The source code of the main web page contains a commit ID, indicating that git has been used. "Unfortunately", the .git folder has been removed from the production environnement but we can find a hint about an "exclude file" still present:

<html> <body> Removed for security reason. Exception list merged from $GIT_DIR/info/exclude with gitignore </body> </html>

Therefore, the only file that could be recovered is "/info/exclude" which leads to the file /temp/886fc408bdb363e0f6bbaa42dc4fb34b/requests.tmp.

This file is basically a backup of the page requests.php. Careful reading of the source code will reveal that a blind SQL injection is possible using the X-Forwarded-For HTTP header.

The first tasks there is to enumerate all the tables in the database. Obviously, there is only one which will be useful for us: cyberEmployees.

We then extract all the data in the table using the following SQLI:

X-Forwarded-for: " OR 1=(SELECT IF(SUBSTRING((SELECT password FROM cyberEmployees LIMIT 4,1),22,1) = 'd',0,1))

For each row we get a username, a password (hashed) and a role. A quick analysis, reveals that passwords are hashed using SHA1.

We can crack most of the passwords in a short amount of time, but only the last one will be useful for us as the user "boris" is the only one with an admin role (password ="severnaya").

We can now connect to the admin part of the website, which reveals the flag and the link to the next Google Doc:

"CCC4{S3t_th3_c0ntr0ls_f0r_th3_h34rt_0f_th3_sun} - https://goo.gl/wvgJFl"

Challenge 5 - CheckPoint Firewall (Misc)

This challenge is quite unusual for a CTF but clearly reflects daily activities at Navixia. As a company selling security products, Navixia engineers will not only perform security assessments but will also need to be ready to integrate security solutions.

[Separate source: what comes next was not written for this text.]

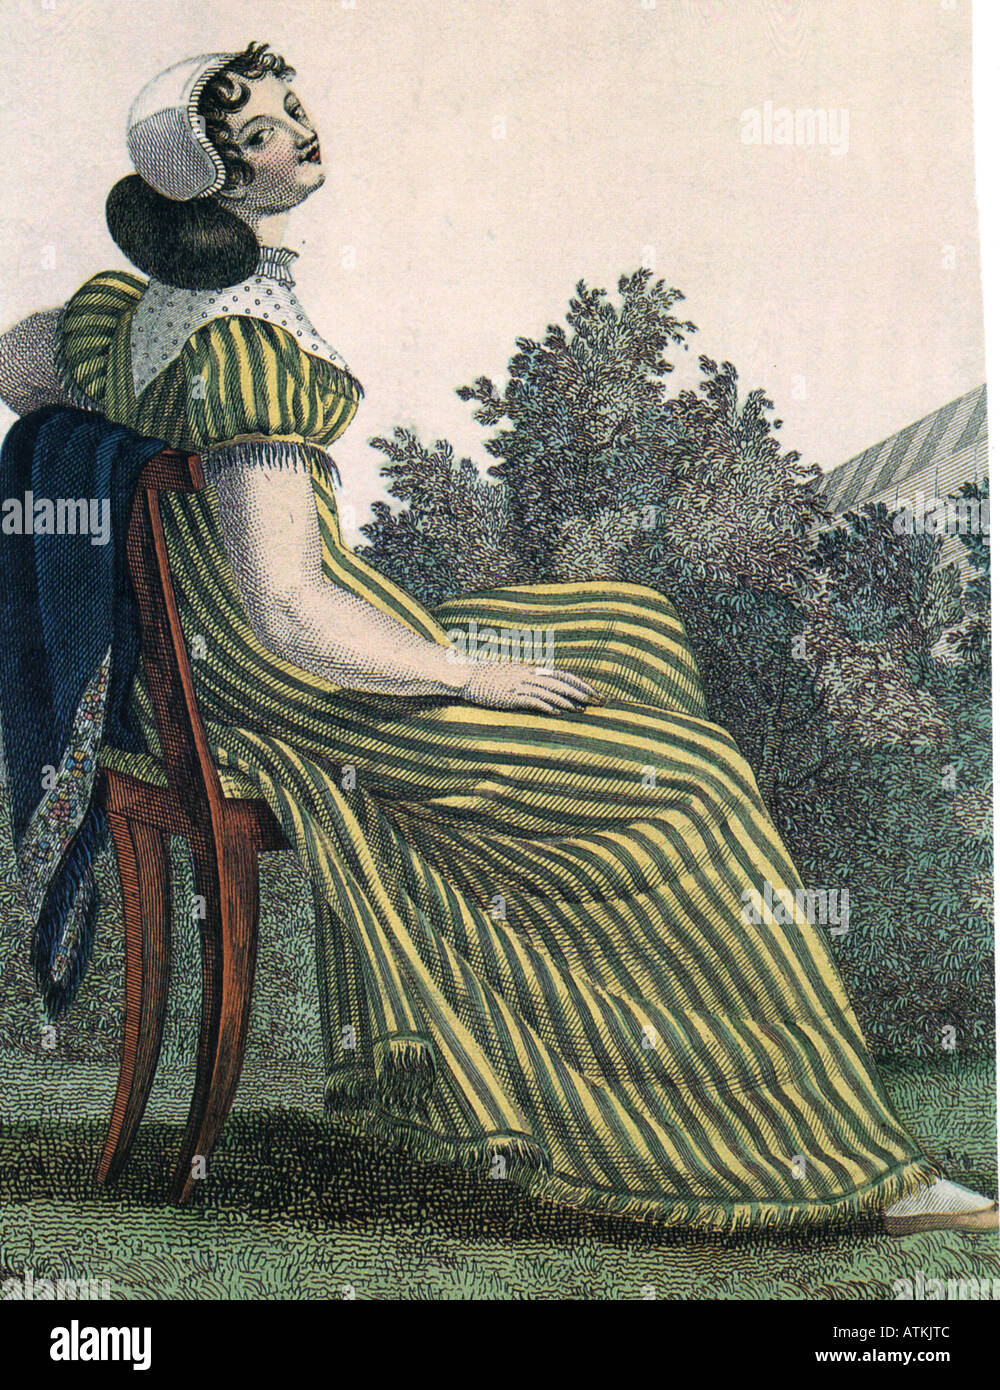 MADAME BOVARY Gravur aus einer frühen Ausgabe von Gustave Flaubert s Roman veröffentlichte zuerst im Jahre 1857 Stockfoto

The player is provided with a hostname and credentials (trinity:Z1ON0101). On accessing f1r3w411.cybercheese.io, the player will get the Web UI of a CheckPoint firewall.

After authentication, a Message Of The Day (MOTD) will be displayed: 'One rule to rule them all!'

This hint invites the player to access the rules/policy of the firewall. To access to the CheckPoint Firewall policy, the player needs to download a desktop application (SmartConsole) and connect to the firewall through the SmartConsole.

The player, by reading the firewall policy, should understand that he needs to send an e-mail to the HR_Admin internal CheckPoint user. The HR_Admin user will have the last flag as one of its properties ("CCC5{Ch3ckP01nt_Ch4rl13}") and the player will be invited to send all the collected flag to a unique email address created for the CTF.